The planets are so big that the energy provided by the desintegration of radioactive nucleii is enough to melt rocks. The planets therefore differentiated, i.e., the most dense compounds sinked and formed a core. This energy, provided as heat, is responsible for the plate tectonic, and volcanism. All these mechanisms have masked the original composition of the Earth. In some case, the erosion by the atmosphere (Venus), or by the biosphere (Earth) add a second level of complexity. This is why the study of planets only cannot tell us about the material from which they formed.
On the other hand, the vast majority of asteroid are too small to have any internal enargy. They are therefore primitive bodies, with little evolution over the history of the solar system. Nowadays, they are the most-similar material to the bricks upon which planets formed.

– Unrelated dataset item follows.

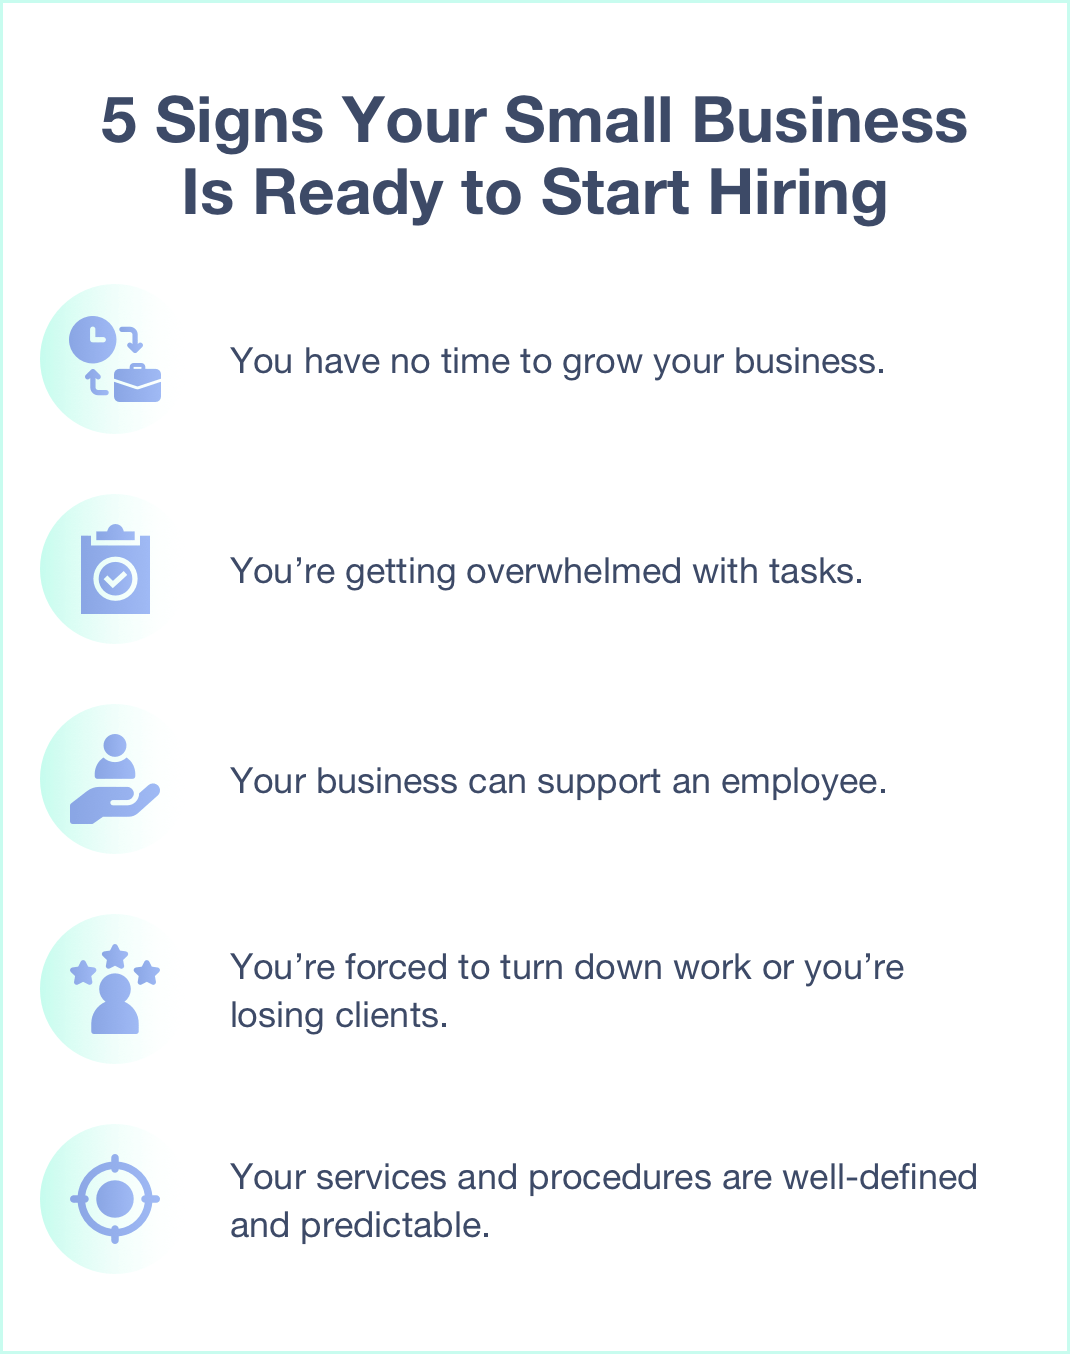 5 signs your small business is ready to start hiring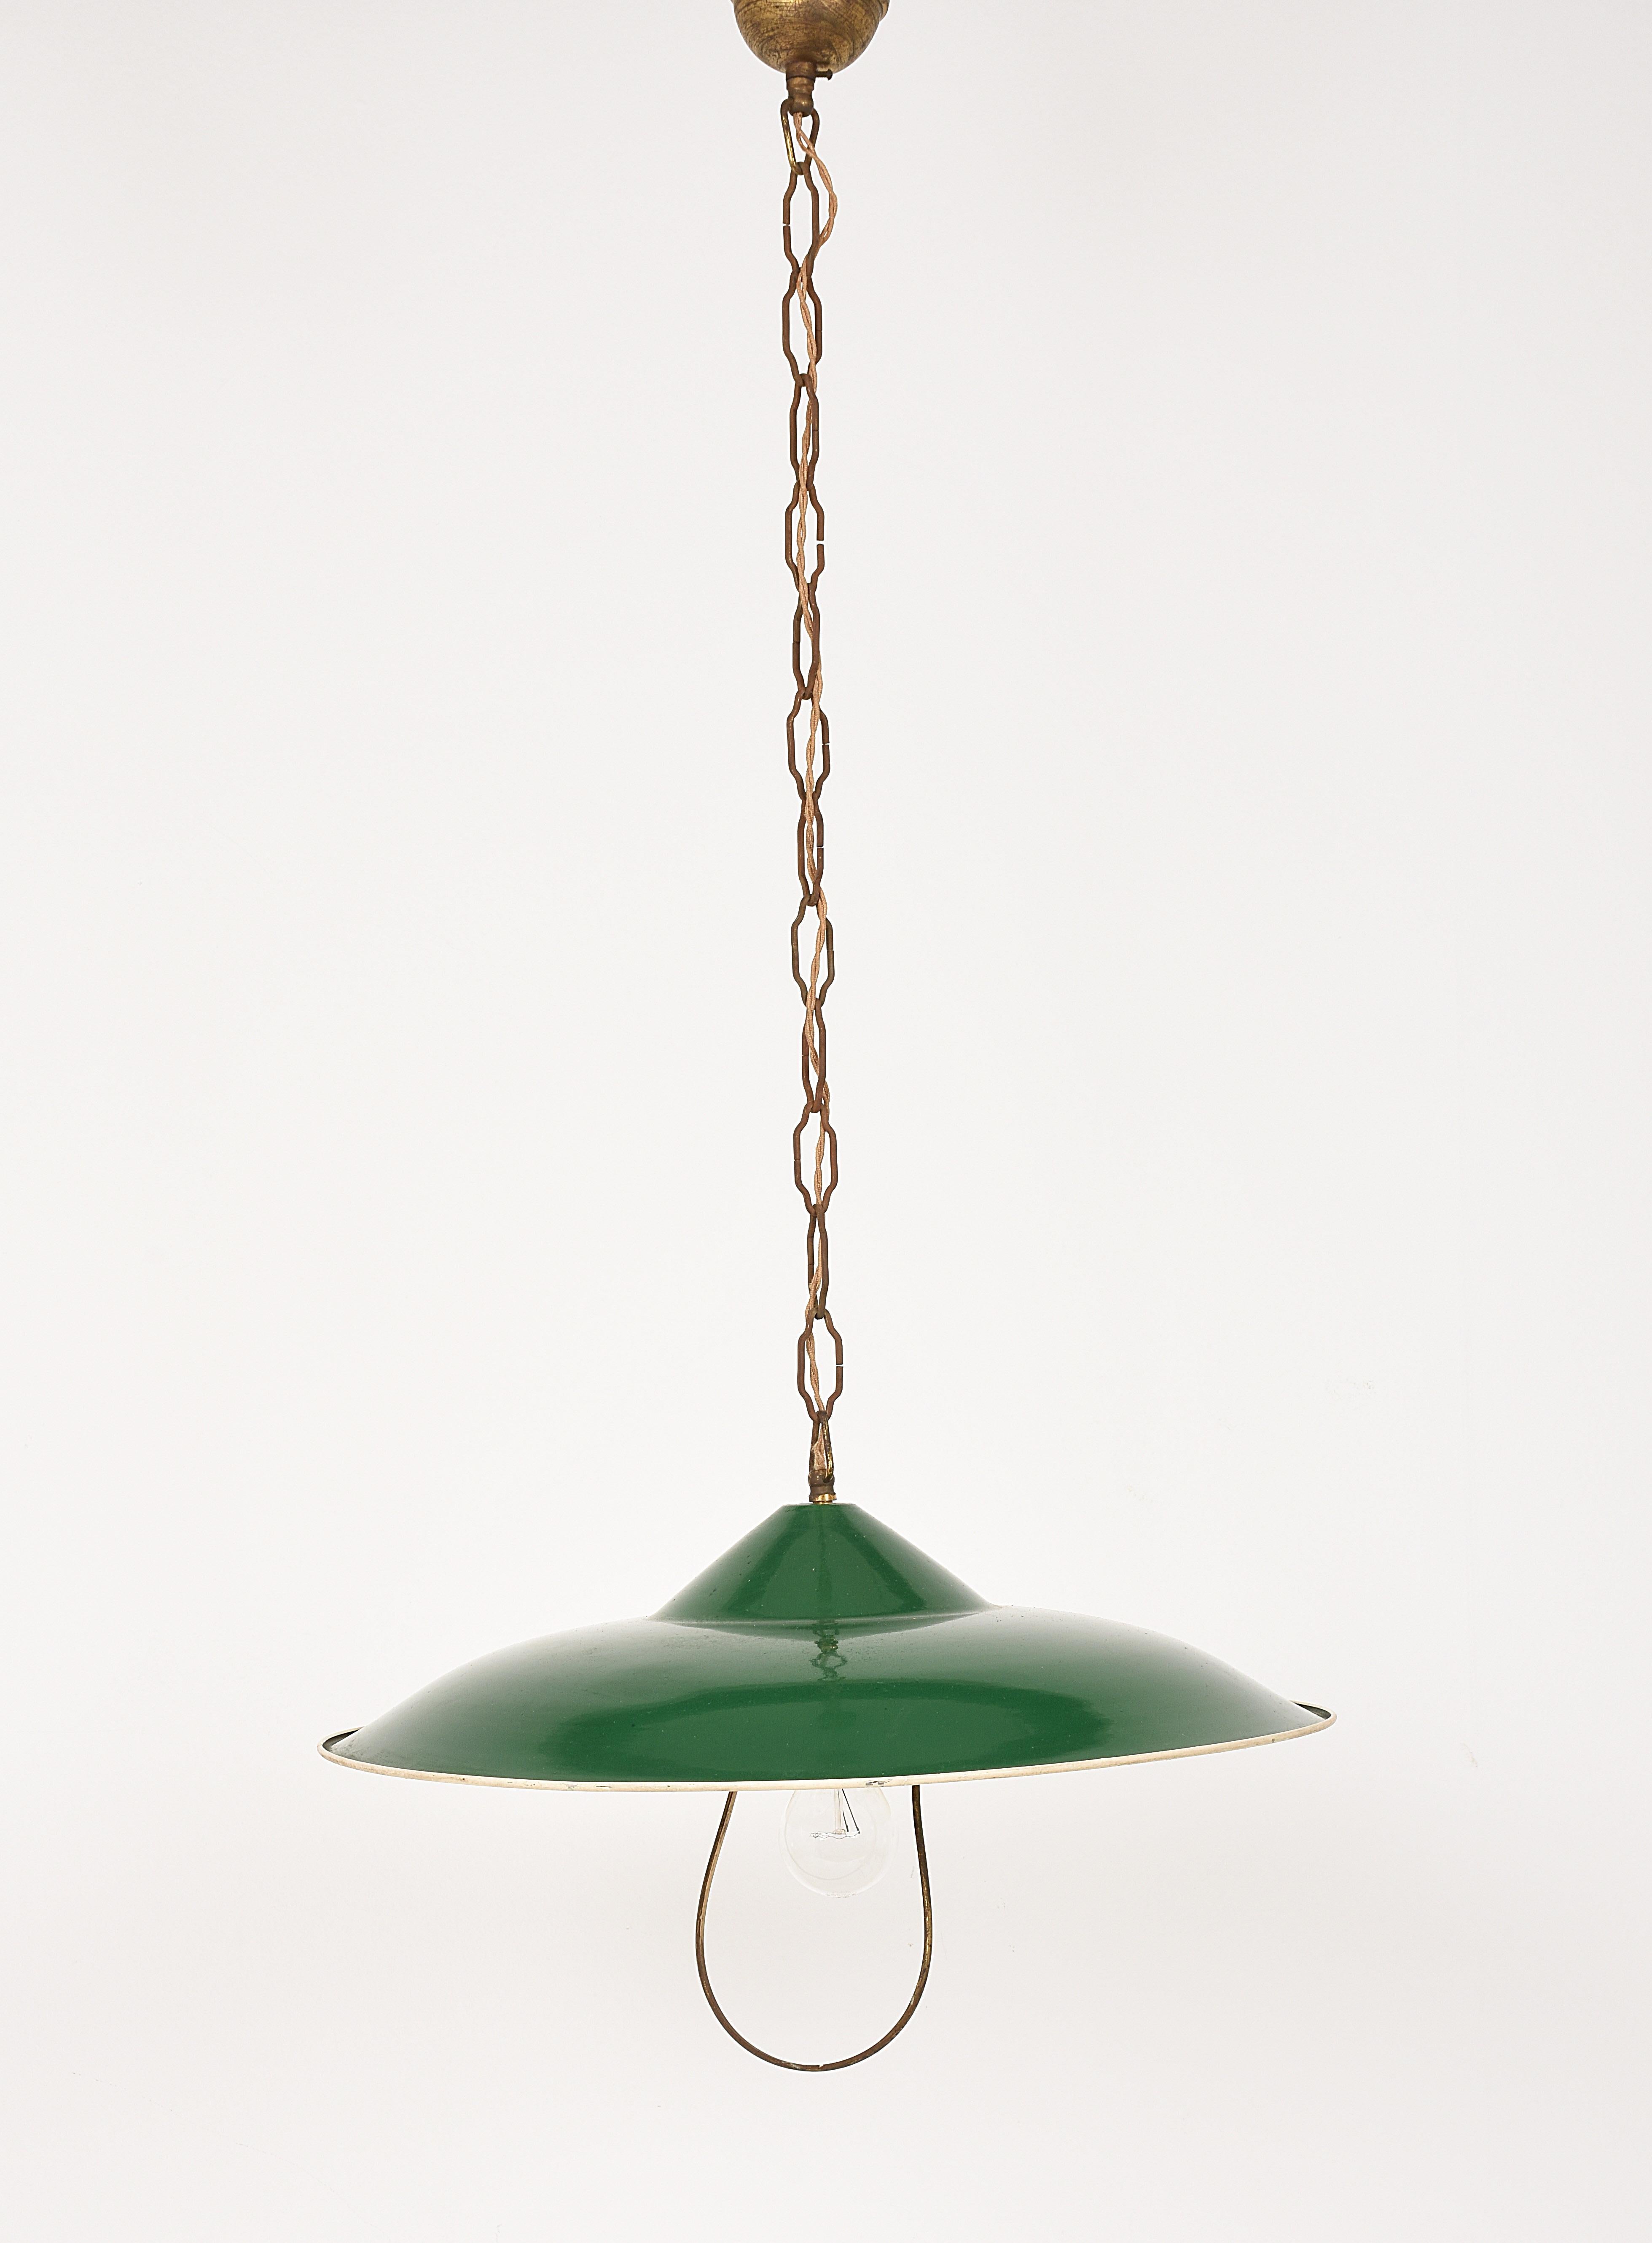 Chandelier in Green Glazed Metal Pendant Italy, Industrial Style of the 1950s In Fair Condition For Sale In Roma, IT

Studying asteroid composition hence directly informs us on the original compounds of telluric planets.
Moreover, the distribution of the different compositions of asteroid provides a glimpse of the first stages of our solar system. Indeed, from the study of exoplanets (planets orbiting other stars than the Sun) revealed that planets may form at a different location than their current orbit. The process of "migratio", during which the orbits of planets shrink due to their interaction with the surrounding disk, seems wellspread. The distributions of asteroid orbits, sizes, and compositions still contain information on these migrations.
Often, asteroids fall on Earth. The fragments that hit the ground are called meteorites. Their study has a double interest: understanding planet formation, and Earth protection.
The study of meteorites in the laboratory allows us to understand their composition, the conditions in which they formed, at which timescale did they accrete, etc. They are direct sample from asteroids. By connecting the different types of meteorites to the classes of asteroids, we understand better our History (cf II.1).
Nevertheless, these falls present a risk, especially for large asteroids. Only a few impact craters are visible on Earth, but it is due to the erosion (plate tectonic, water...), that erased them, rather than a lack of impacts. The miriad of craters on the Moon are here to remind us the threat represented by asteroid collisions. It is an asteroid, impacting the Earth on the Yucatan peninsula some 65 millions years ago, creating a 180 km wide crater, which is responsible for the mass extinction that killed dinosaurs.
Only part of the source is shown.